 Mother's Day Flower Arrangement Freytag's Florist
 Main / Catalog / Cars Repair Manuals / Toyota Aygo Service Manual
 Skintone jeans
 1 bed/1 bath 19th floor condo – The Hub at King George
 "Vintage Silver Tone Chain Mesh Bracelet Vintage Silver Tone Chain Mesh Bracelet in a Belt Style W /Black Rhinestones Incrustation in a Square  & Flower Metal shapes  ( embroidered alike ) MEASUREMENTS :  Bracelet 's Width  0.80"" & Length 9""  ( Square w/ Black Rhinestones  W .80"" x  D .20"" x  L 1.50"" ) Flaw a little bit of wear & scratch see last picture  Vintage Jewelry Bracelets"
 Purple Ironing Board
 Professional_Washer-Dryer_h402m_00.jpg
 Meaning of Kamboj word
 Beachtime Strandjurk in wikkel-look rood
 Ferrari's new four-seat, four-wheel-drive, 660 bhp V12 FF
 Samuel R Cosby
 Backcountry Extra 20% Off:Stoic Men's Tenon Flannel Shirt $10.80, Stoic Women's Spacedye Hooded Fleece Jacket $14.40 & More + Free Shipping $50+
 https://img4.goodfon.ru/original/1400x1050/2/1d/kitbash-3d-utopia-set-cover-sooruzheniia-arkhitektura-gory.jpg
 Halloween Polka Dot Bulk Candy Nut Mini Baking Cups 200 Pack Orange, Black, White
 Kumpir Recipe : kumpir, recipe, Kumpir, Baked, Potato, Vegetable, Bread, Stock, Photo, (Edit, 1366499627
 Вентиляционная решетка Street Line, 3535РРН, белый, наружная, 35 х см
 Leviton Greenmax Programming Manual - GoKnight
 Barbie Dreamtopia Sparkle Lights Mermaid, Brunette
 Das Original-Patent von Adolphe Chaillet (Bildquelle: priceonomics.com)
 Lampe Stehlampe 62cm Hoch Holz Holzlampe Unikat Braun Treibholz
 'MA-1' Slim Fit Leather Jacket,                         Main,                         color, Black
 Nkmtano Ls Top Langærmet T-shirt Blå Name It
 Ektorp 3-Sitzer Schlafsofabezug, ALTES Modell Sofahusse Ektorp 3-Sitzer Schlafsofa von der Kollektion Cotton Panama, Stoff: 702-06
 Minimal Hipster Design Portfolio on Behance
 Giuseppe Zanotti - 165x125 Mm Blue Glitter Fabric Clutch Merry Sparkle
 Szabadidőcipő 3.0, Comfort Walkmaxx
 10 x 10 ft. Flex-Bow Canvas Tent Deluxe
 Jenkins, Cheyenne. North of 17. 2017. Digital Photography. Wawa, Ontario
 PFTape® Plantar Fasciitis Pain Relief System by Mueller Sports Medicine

## Problem description
Nothing should appear in the answer except the lines above from the line with "Backcountry Extra 20%" through the line with "Barbie Dreamtopia Sparkle", both included, written out exactly.

## Exercise response
 Backcountry Extra 20% Off:Stoic Men's Tenon Flannel Shirt $10.80, Stoic Women's Spacedye Hooded Fleece Jacket $14.40 & More + Free Shipping $50+
 https://img4.goodfon.ru/original/1400x1050/2/1d/kitbash-3d-utopia-set-cover-sooruzheniia-arkhitektura-gory.jpg
 Halloween Polka Dot Bulk Candy Nut Mini Baking Cups 200 Pack Orange, Black, White
 Kumpir Recipe : kumpir, recipe, Kumpir, Baked, Potato, Vegetable, Bread, Stock, Photo, (Edit, 1366499627
 Вентиляционная решетка Street Line, 3535РРН, белый, наружная, 35 х см
 Leviton Greenmax Programming Manual - GoKnight
 Barbie Dreamtopia Sparkle Lights Mermaid, Brunette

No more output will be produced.